Exercise brief ▸ Using the entries that follow, write out the line containing "Detective Assistant Vol. 13 126", the line containing "Evening in Ghent", and every line between them, exactly and nothing else.

Exercise material ▸
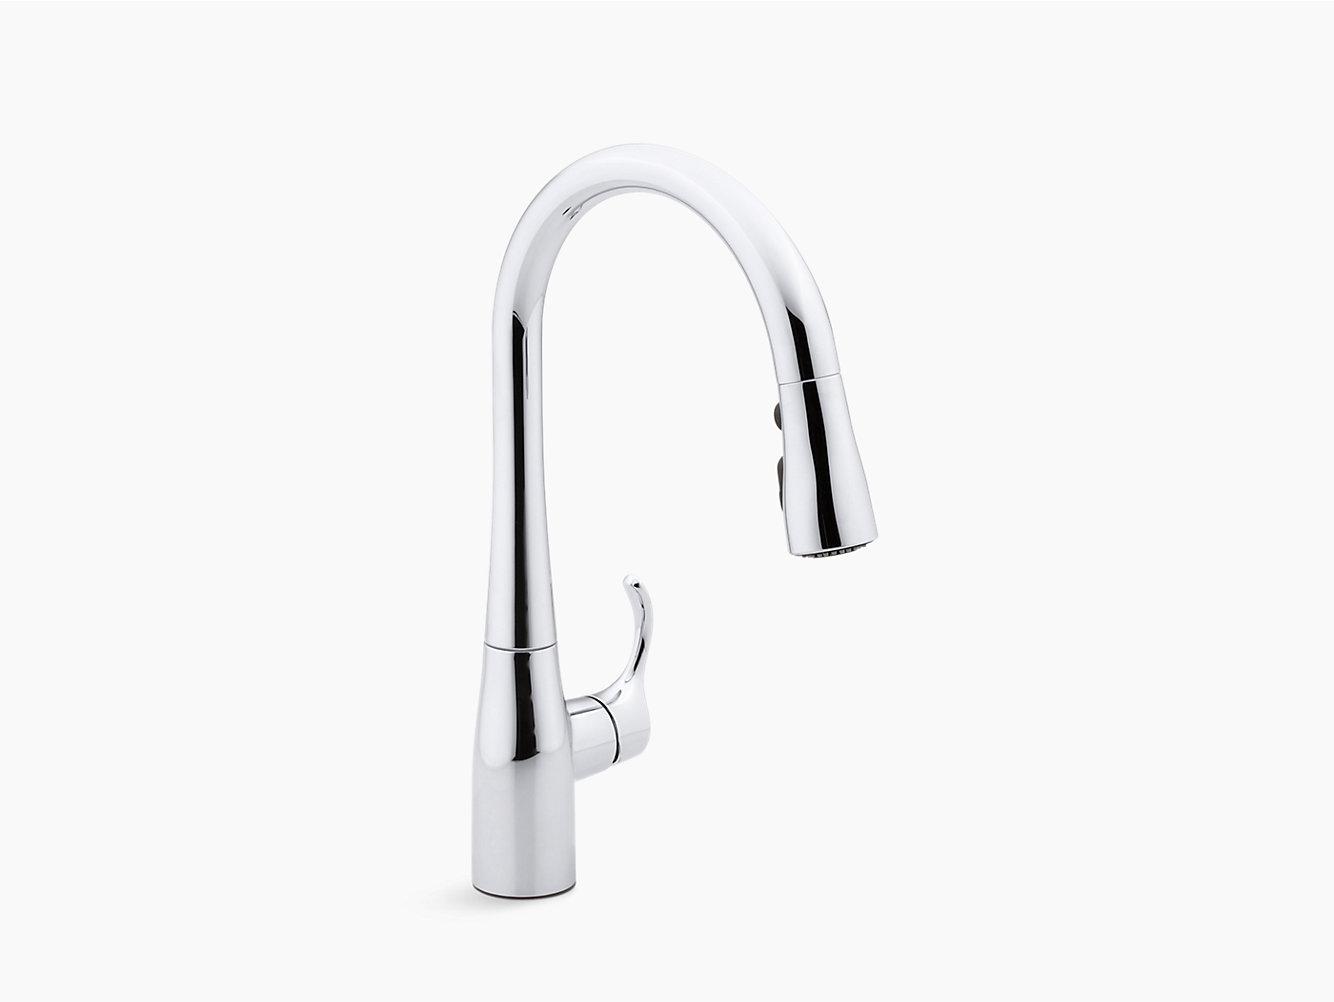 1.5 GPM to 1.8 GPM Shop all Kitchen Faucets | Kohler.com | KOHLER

---

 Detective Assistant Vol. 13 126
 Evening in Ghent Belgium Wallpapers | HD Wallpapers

---

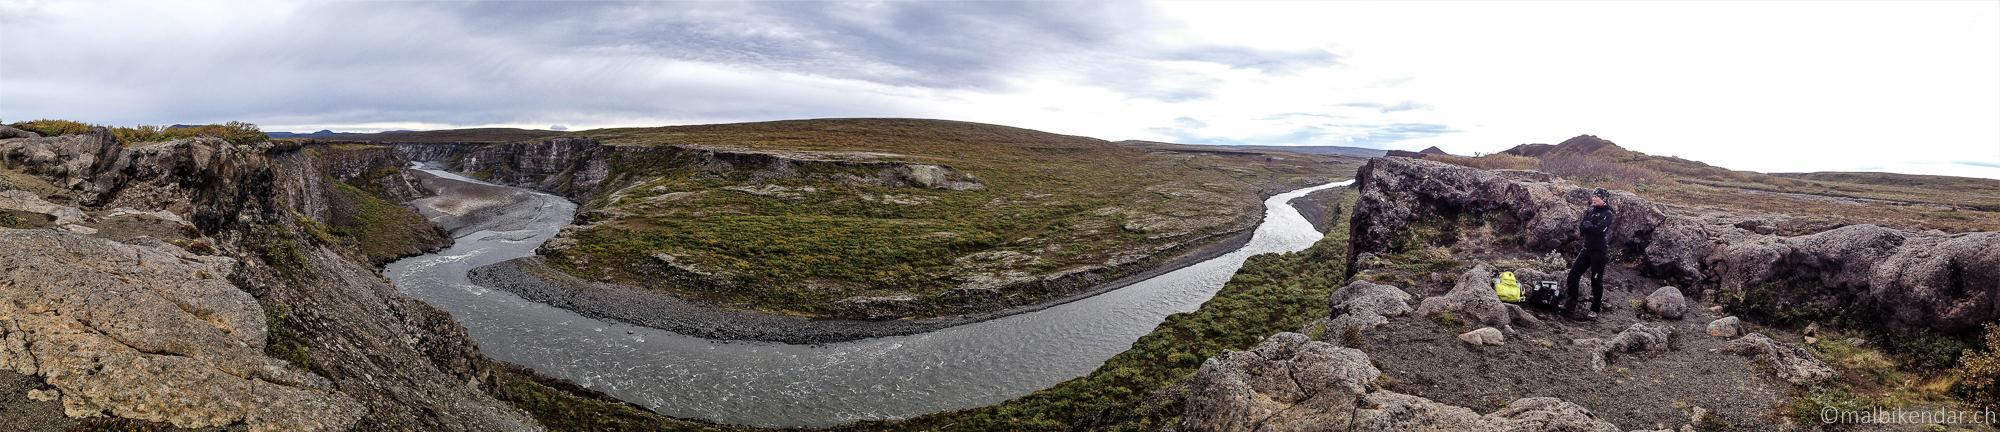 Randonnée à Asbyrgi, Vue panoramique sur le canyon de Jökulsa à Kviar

Solution to this exercise ▸
 Detective Assistant Vol. 13 126
 Evening in Ghent Belgium Wallpapers | HD Wallpapers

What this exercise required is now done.